— Task requirements —
Skipping any pictures, repeat exactly and only the lines from the one that holds "191117 -- PARIS, le" to the last line of the material, both included.

— Data shown —
== Segment start ==

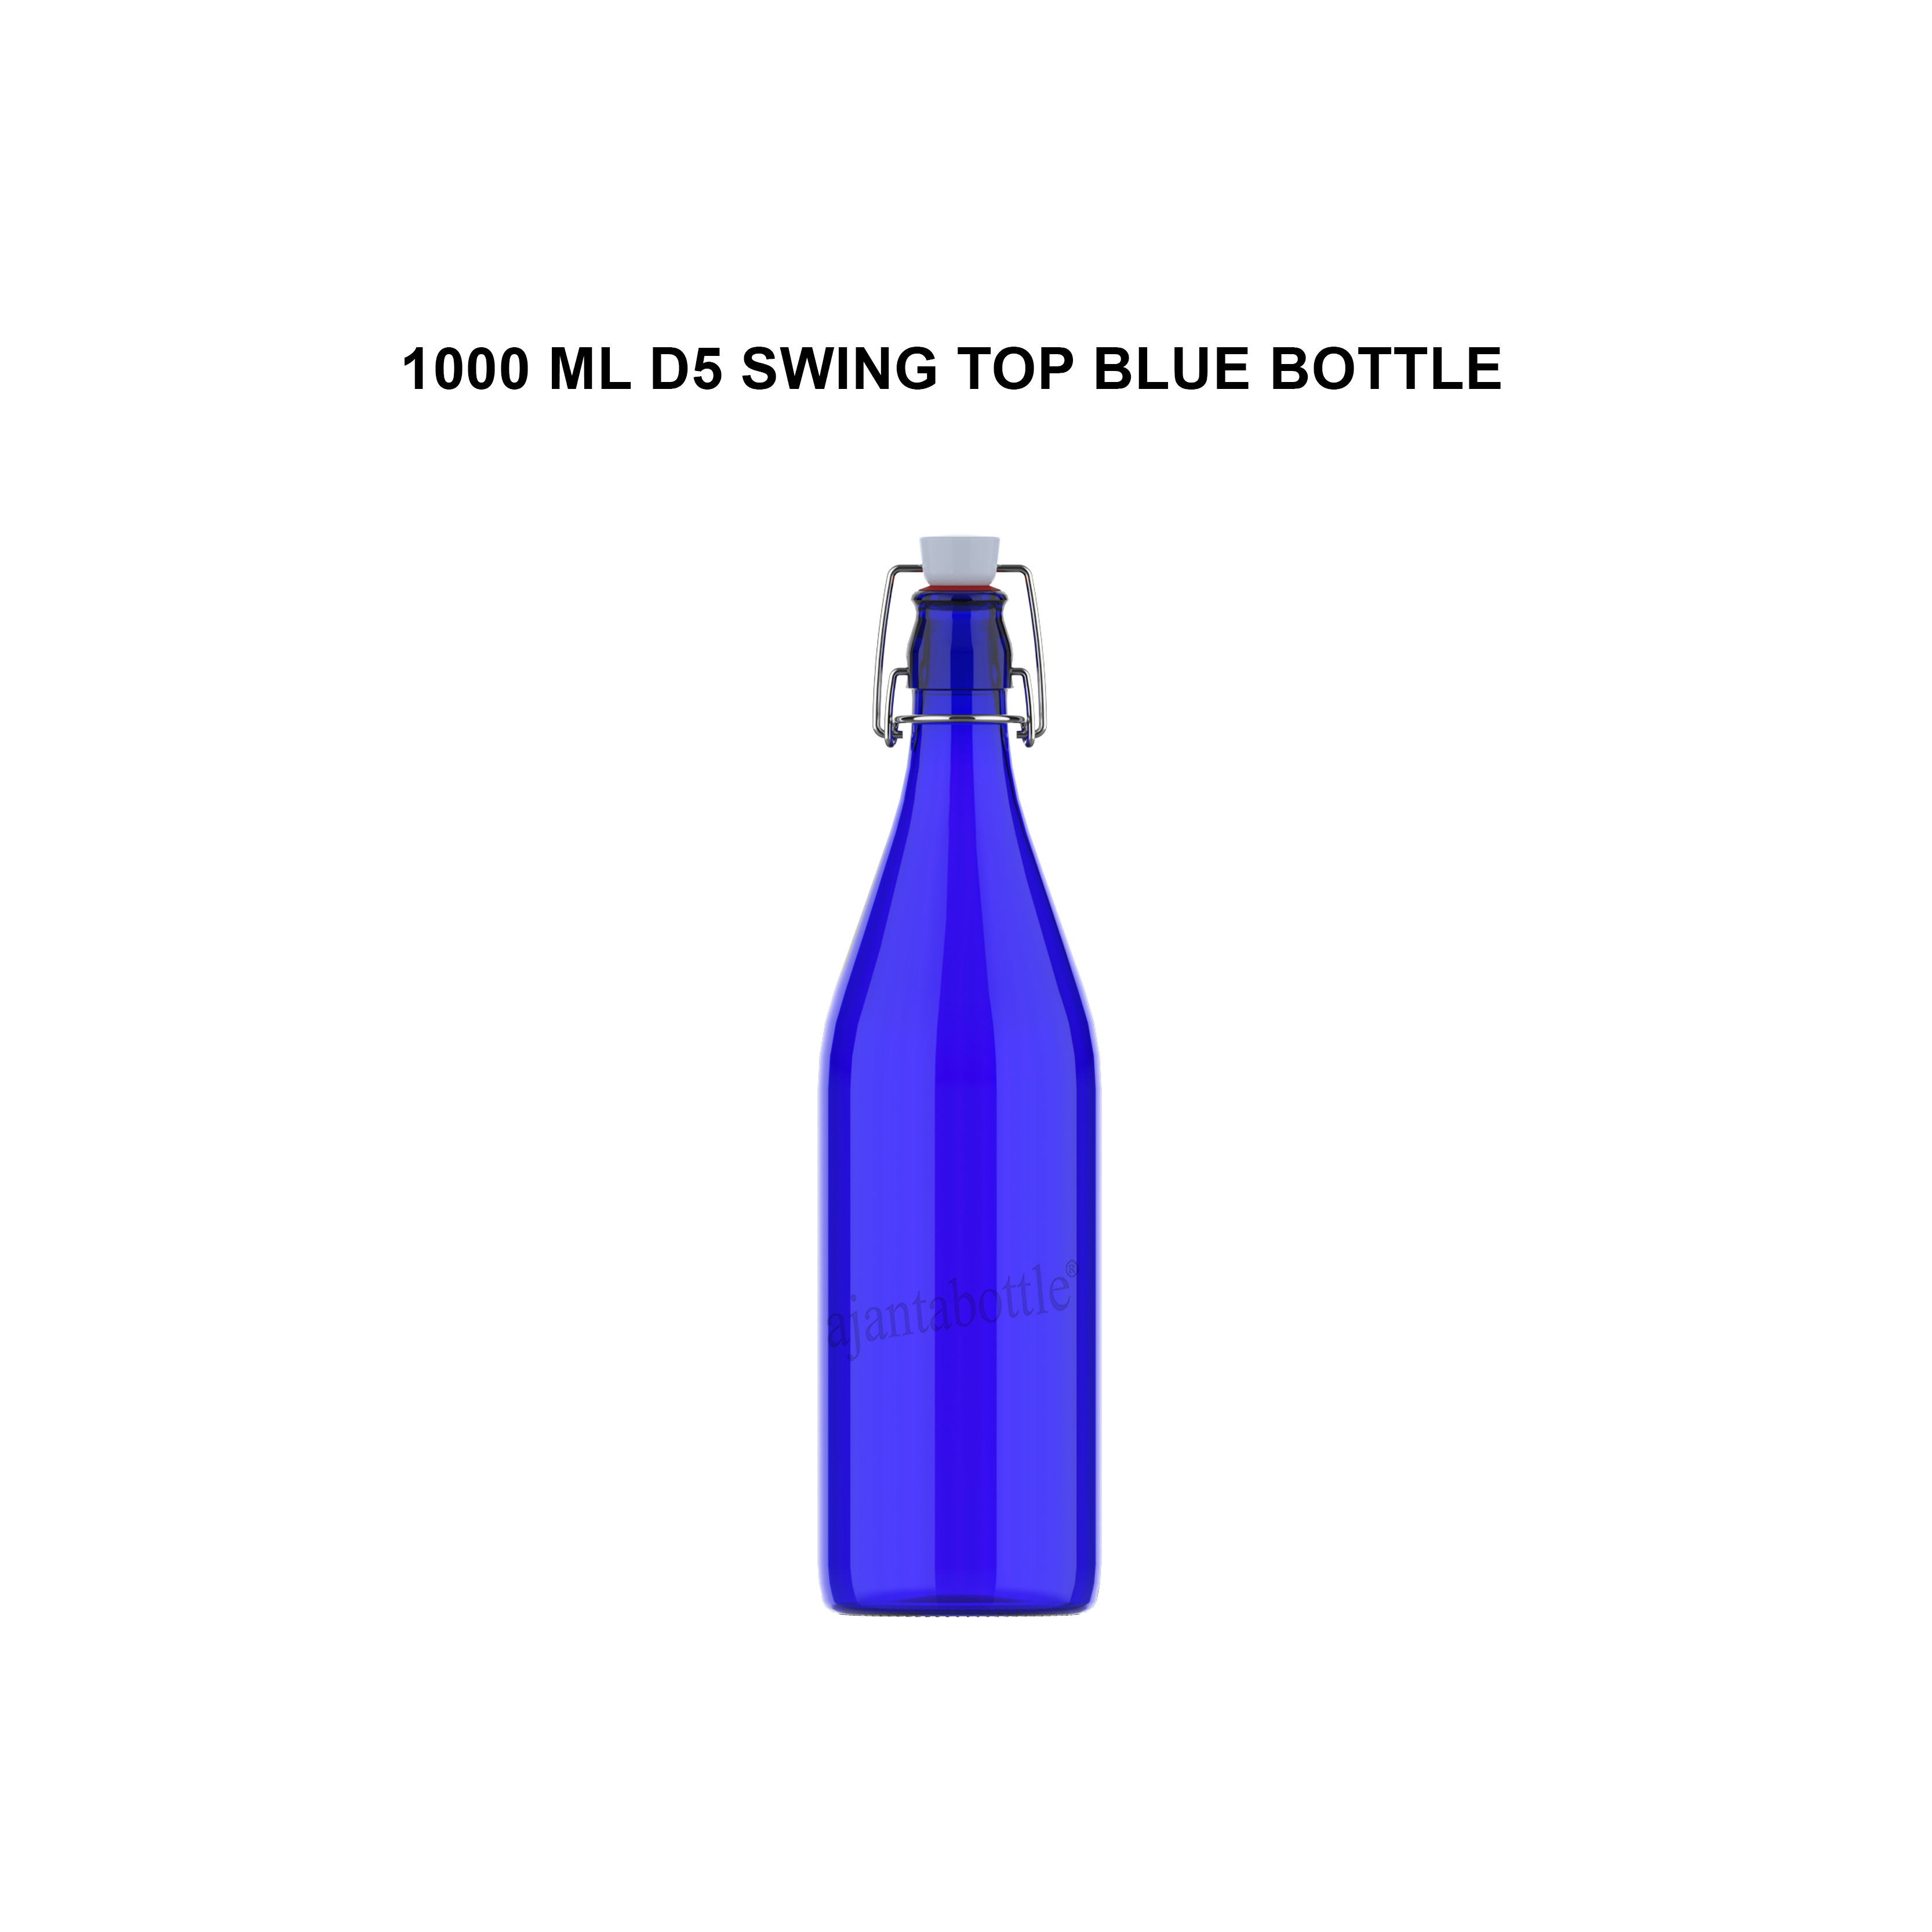 100 ML CHAMP PERFUME GLASS BOTTLE - Ajanta Bottle Pvt Ltd 
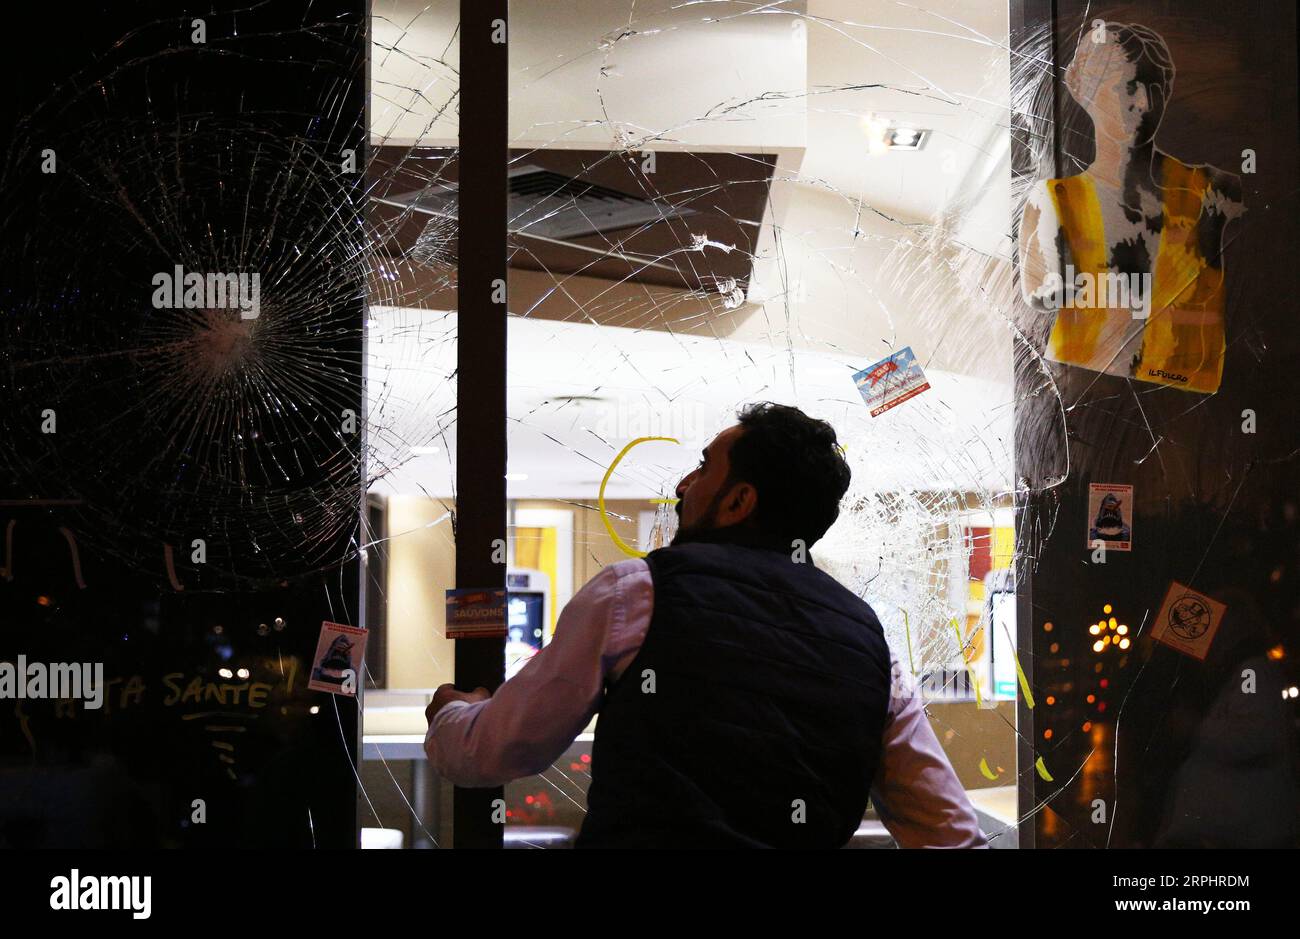 191117 -- PARIS, le 17 novembre 2019 -- Un homme regarde des fenêtres détruites par des manifestants de gilets jaunes sur la place d'Italie dans le 13e arrondissement, Paris, France, le 16 novembre 2019. La violence a éclaté samedi à Paris où le mouvement gilets jaunes a organisé une nouvelle action pour marquer son premier anniversaire dans un contexte de troubles sociaux continus sur les réformes économiques du président Emmanuel Macron. FRANCE-PARIS-GILET JAUNE ANNIVERSAIRE GaoxJing PUBLICATIONxNOTxINxCHN Banque D'Images
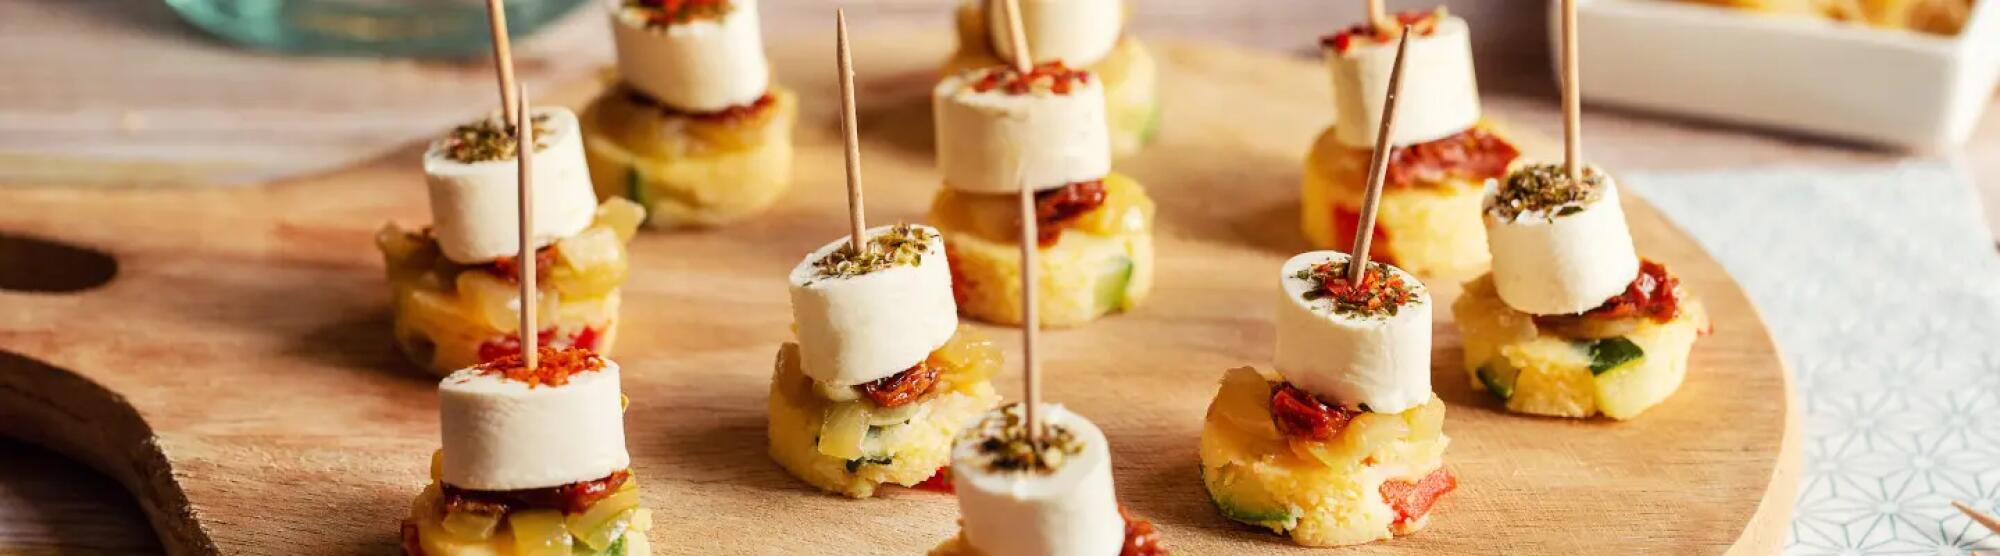 Recette : Bouchées de polenta et fromages apéritifs aux saveurs italiennes
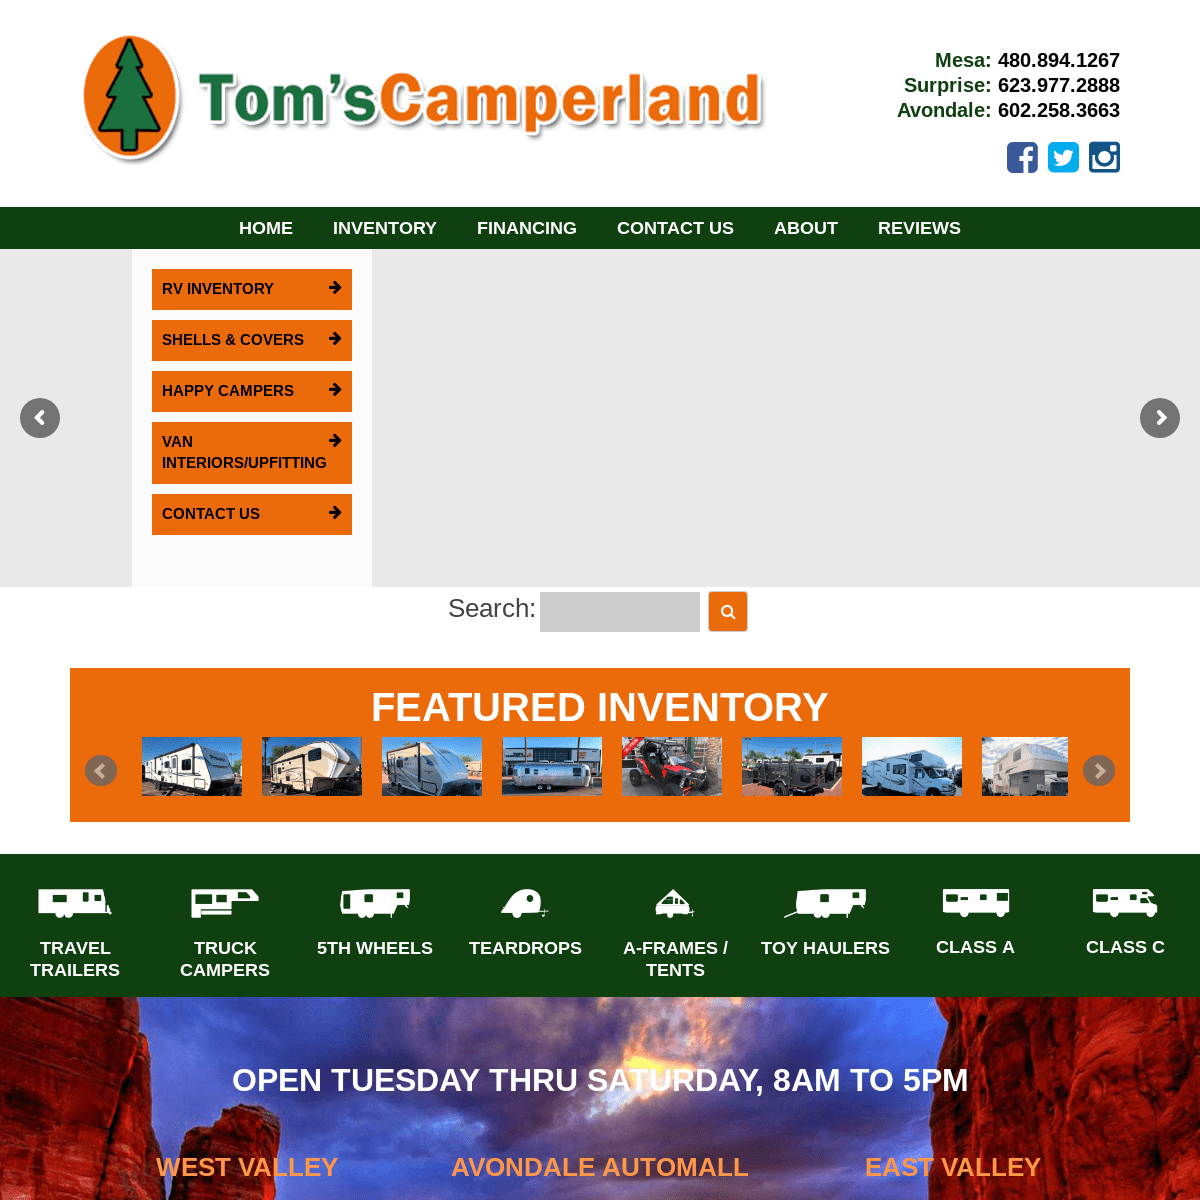 Home - Tom's Camperland

== Segment end ==

— Exercise response —
 191117 -- PARIS, le 17 novembre 2019 -- Un homme regarde des fenêtres détruites par des manifestants de gilets jaunes sur la place d'Italie dans le 13e arrondissement, Paris, France, le 16 novembre 2019. La violence a éclaté samedi à Paris où le mouvement gilets jaunes a organisé une nouvelle action pour marquer son premier anniversaire dans un contexte de troubles sociaux continus sur les réformes économiques du président Emmanuel Macron. FRANCE-PARIS-GILET JAUNE ANNIVERSAIRE GaoxJing PUBLICATIONxNOTxINxCHN Banque D'Images
 Recette : Bouchées de polenta et fromages apéritifs aux saveurs italiennes
 Home - Tom's Camperland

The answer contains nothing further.